Nothing but the lines from the one containing "Original condition." through the end of the entries below should appear in your answer, transcribed exactly; please drop the pictures.

Dataset entries:
_ _ _ _
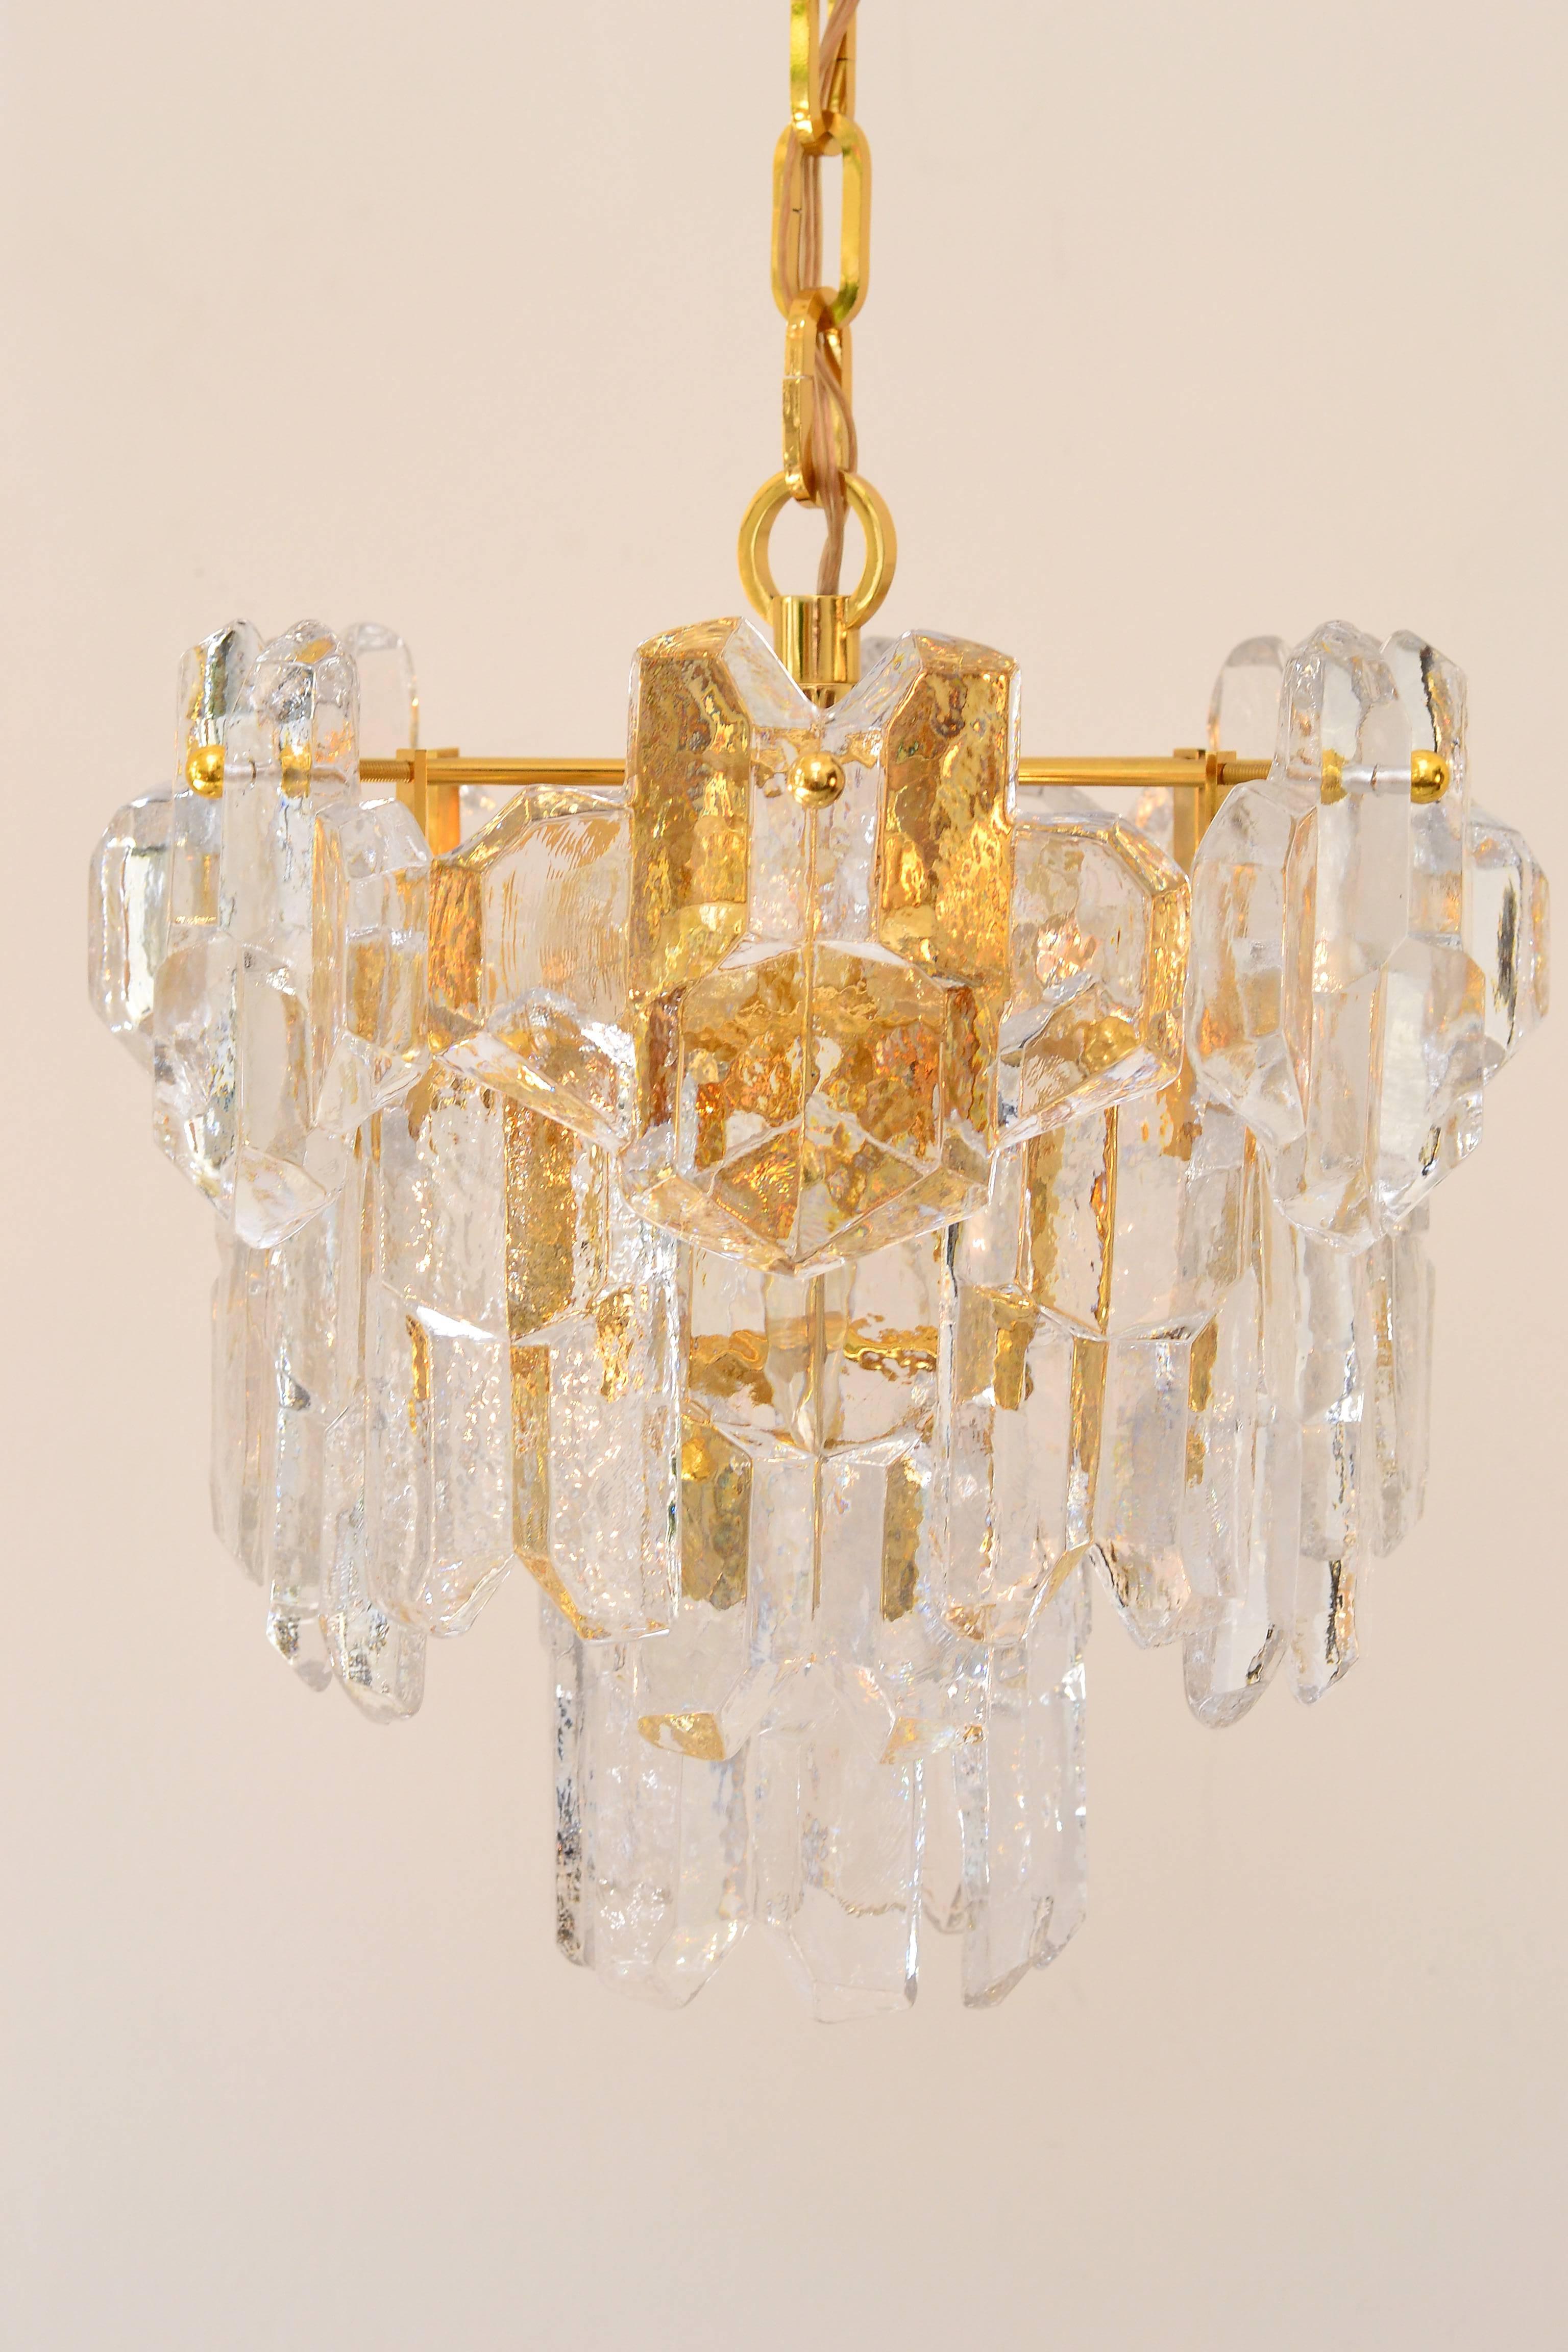 J. T. Kalmar thick textured clear glass chandelier (gilded).
Original condition.
Seven bulbs.
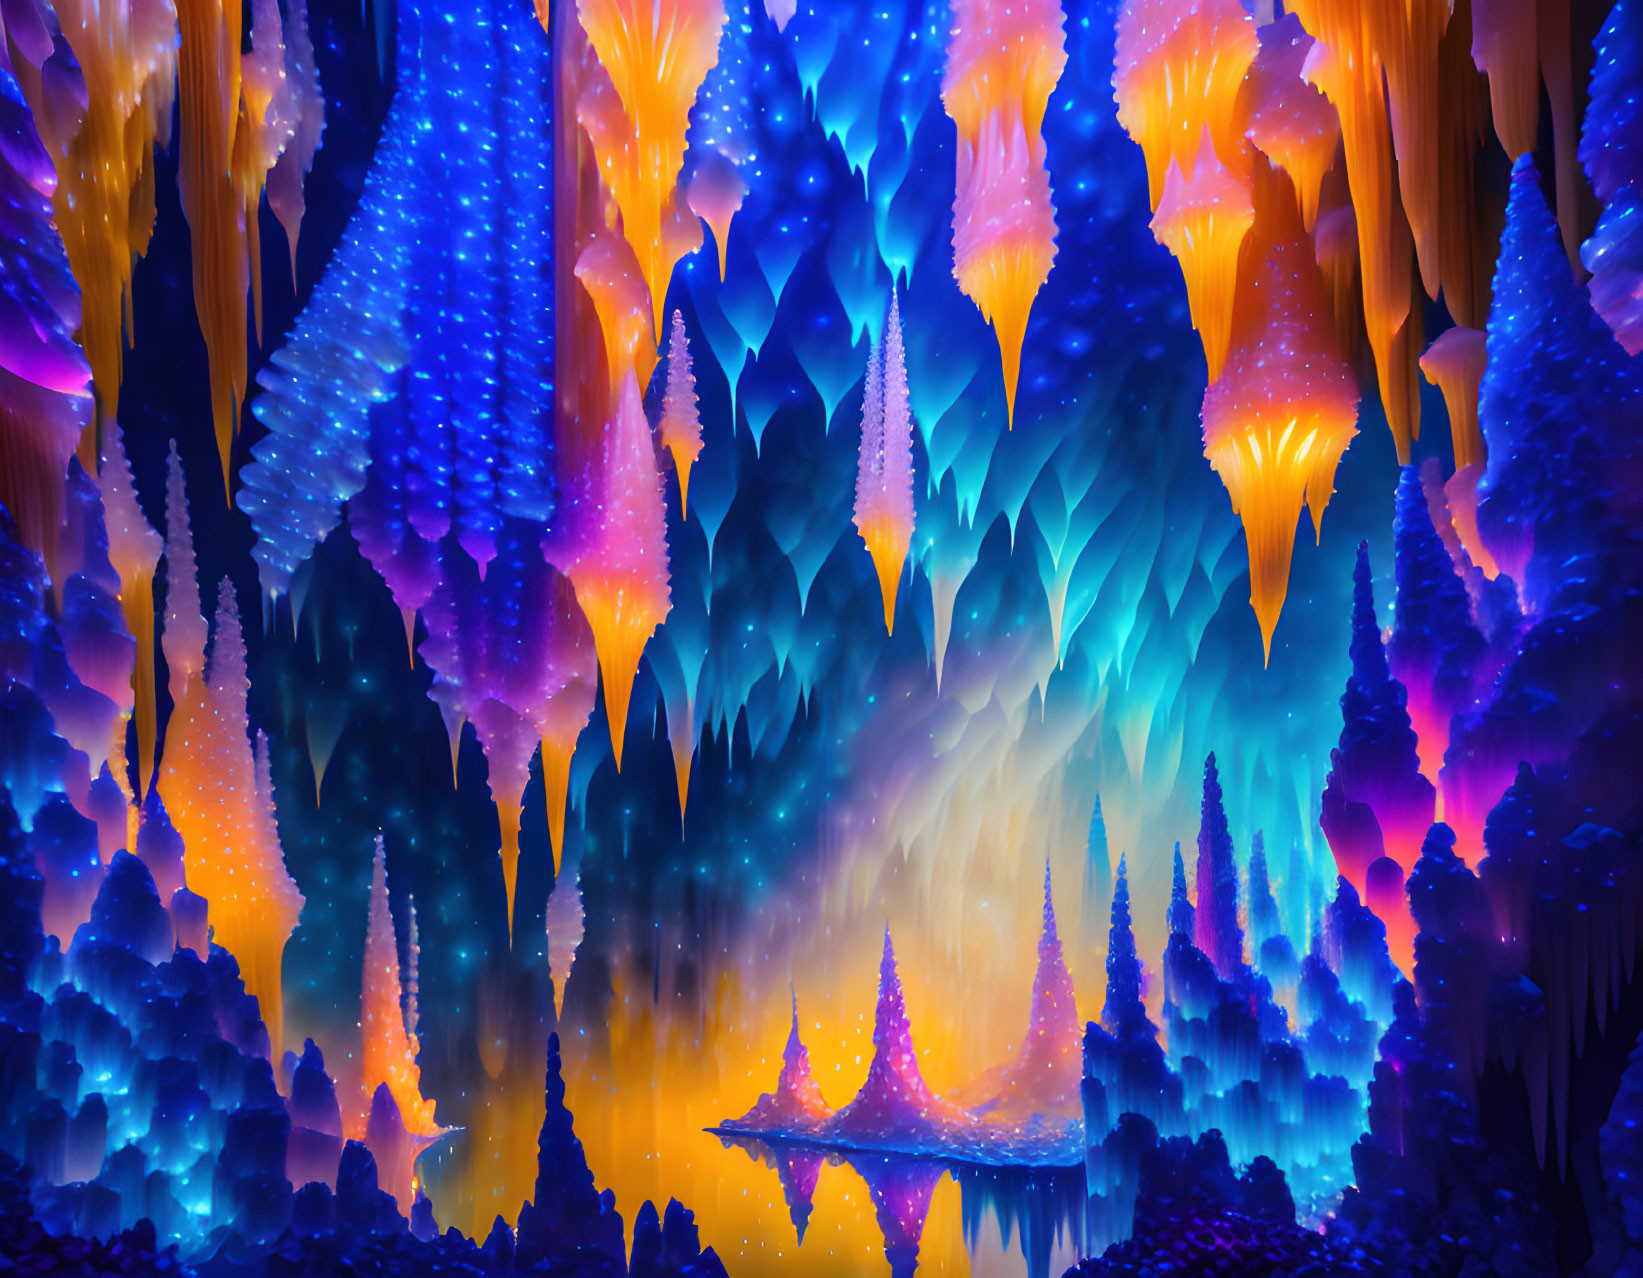 Crystal Caves II
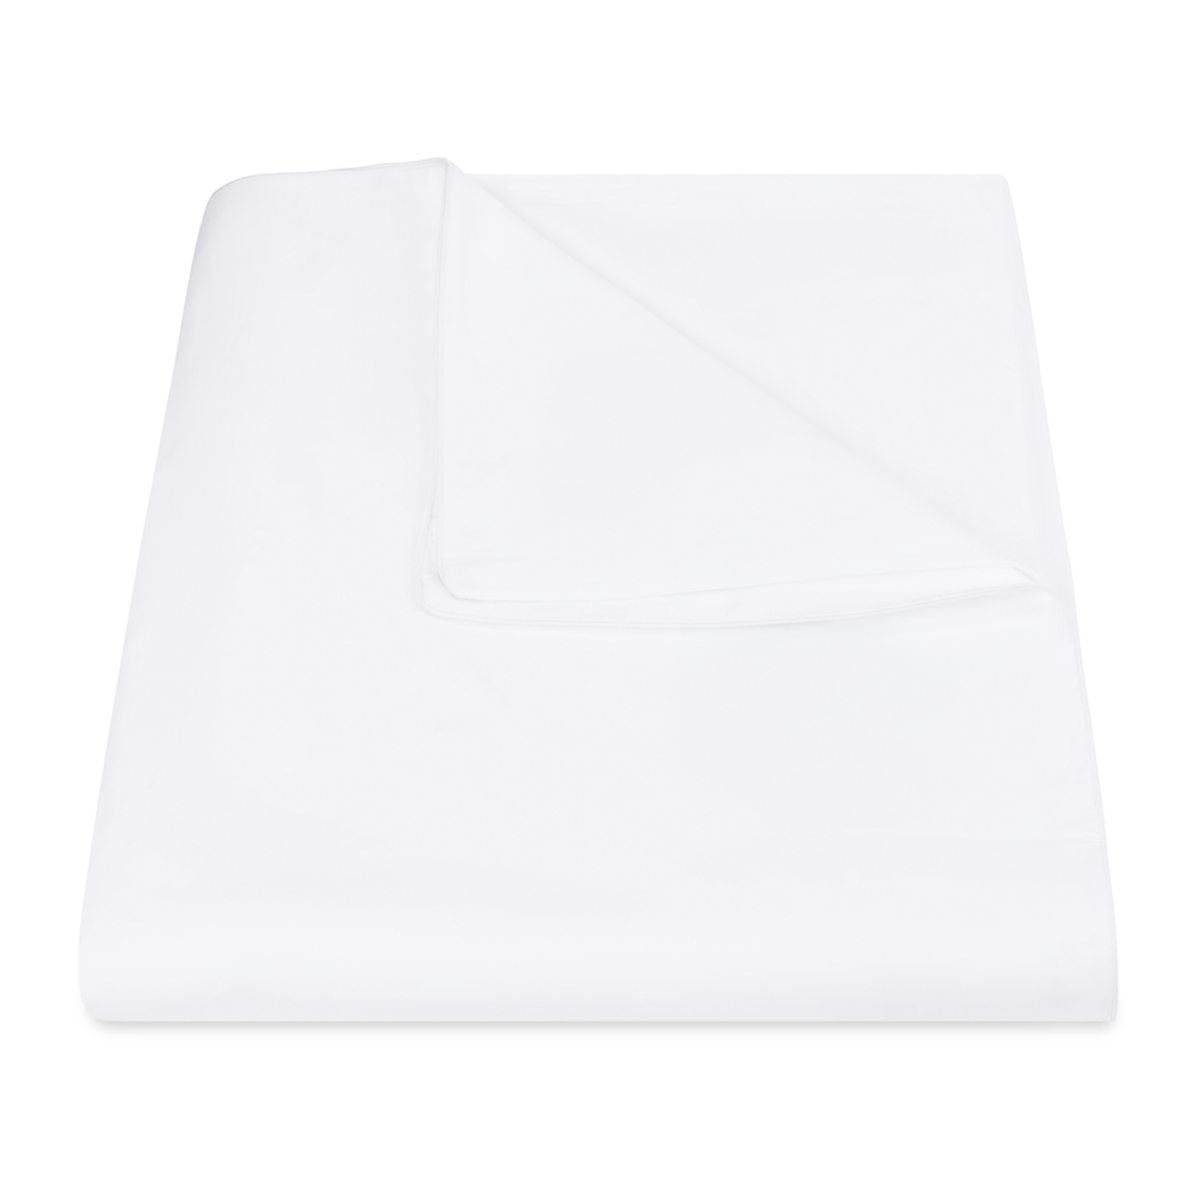 Duvet Cover of Matouk Bryant Bedding in White Color
_ _ _ _
• _Exercise solution_
Original condition.
Seven bulbs.
 Crystal Caves II
 Duvet Cover of Matouk Bryant Bedding in White Color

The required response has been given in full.